## [Task objective]
Of all the entries below, retype only the lines from the one with "Come shop with" through the one with "#linkinbio #shop #shopping", exactly as they appear.

## [Material shown]
=== Begin Enclosure ===

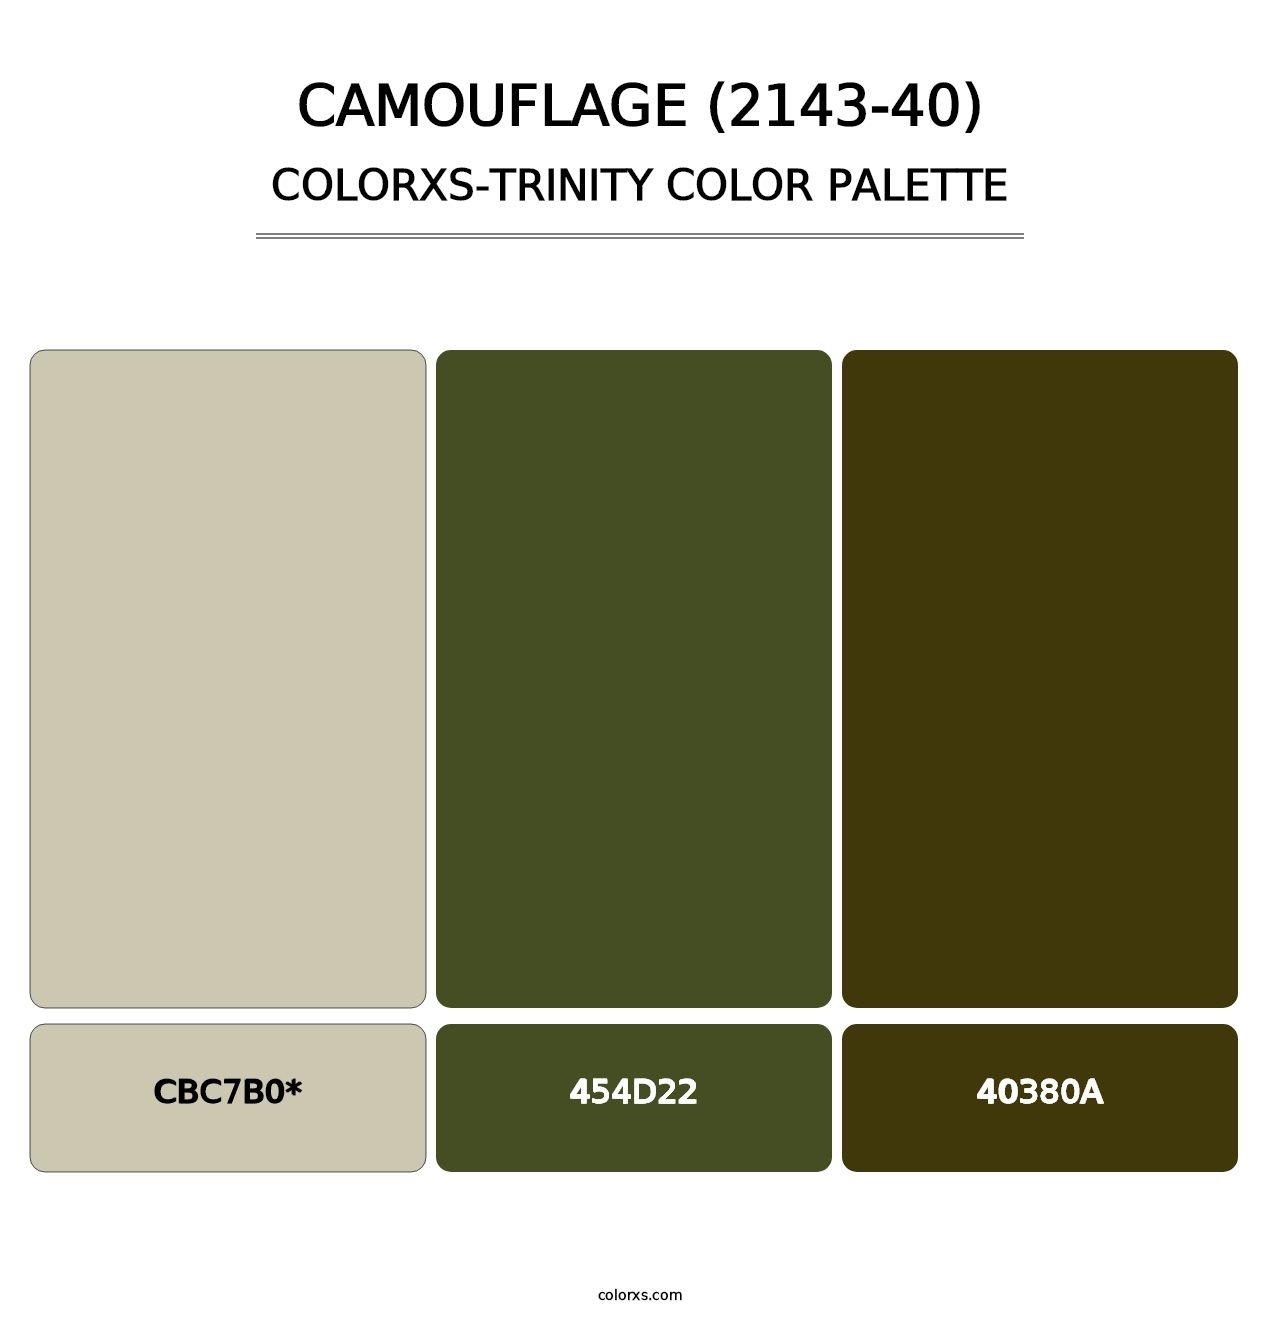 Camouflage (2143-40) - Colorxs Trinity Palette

=== End Enclosure ===
=== Begin Enclosure ===

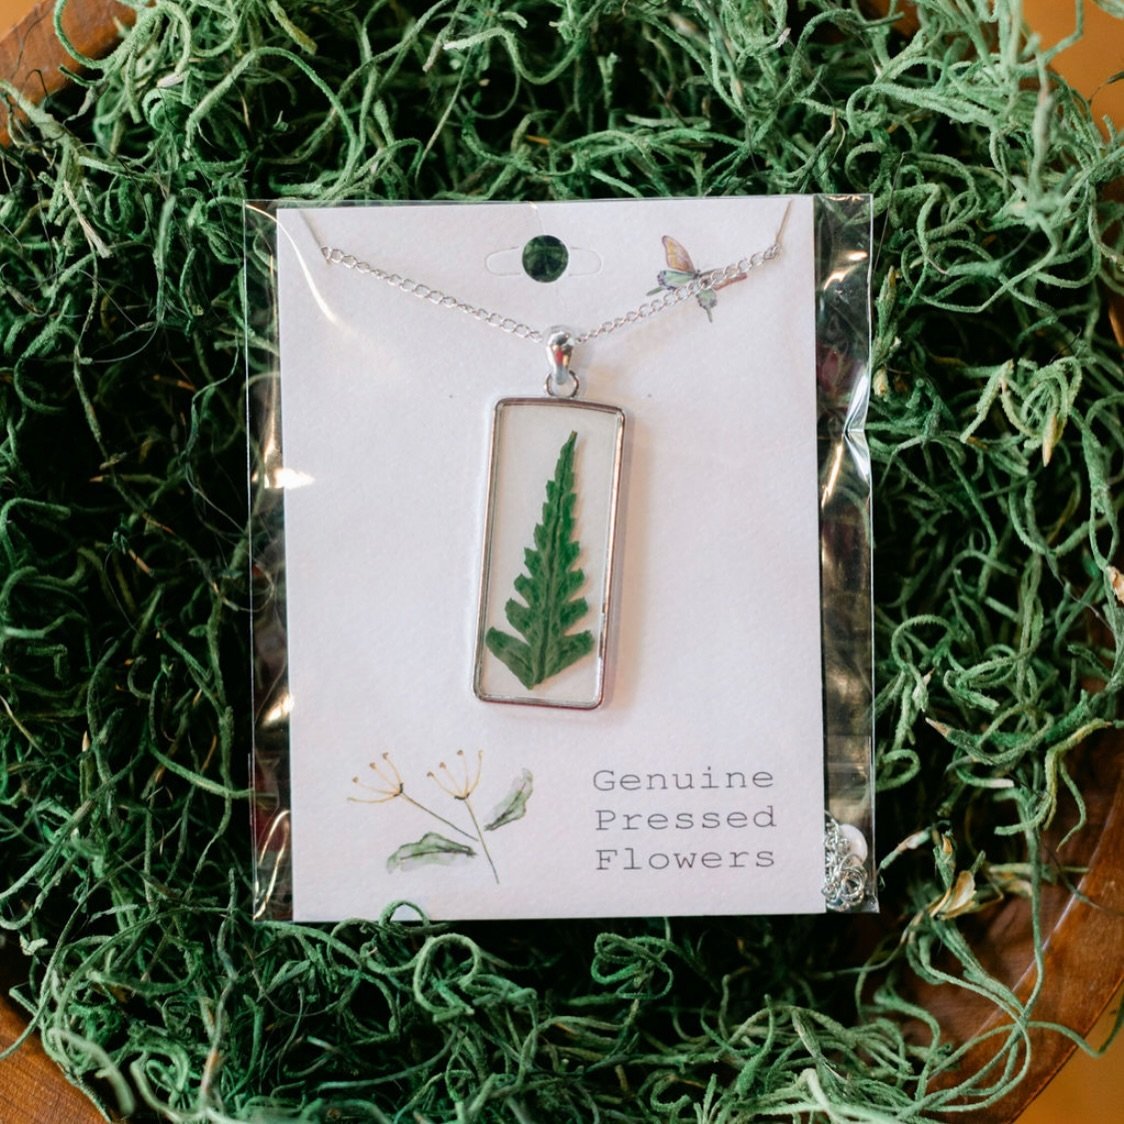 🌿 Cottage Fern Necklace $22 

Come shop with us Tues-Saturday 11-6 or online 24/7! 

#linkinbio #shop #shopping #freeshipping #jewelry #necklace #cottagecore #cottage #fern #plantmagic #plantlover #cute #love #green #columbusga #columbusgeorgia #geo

=== End Enclosure ===

## [Solution]
Come shop with us Tues-Saturday 11-6 or online 24/7! 

#linkinbio #shop #shopping #freeshipping #jewelry #necklace #cottagecore #cottage #fern #plantmagic #plantlover #cute #love #green #columbusga #columbusgeorgia #geo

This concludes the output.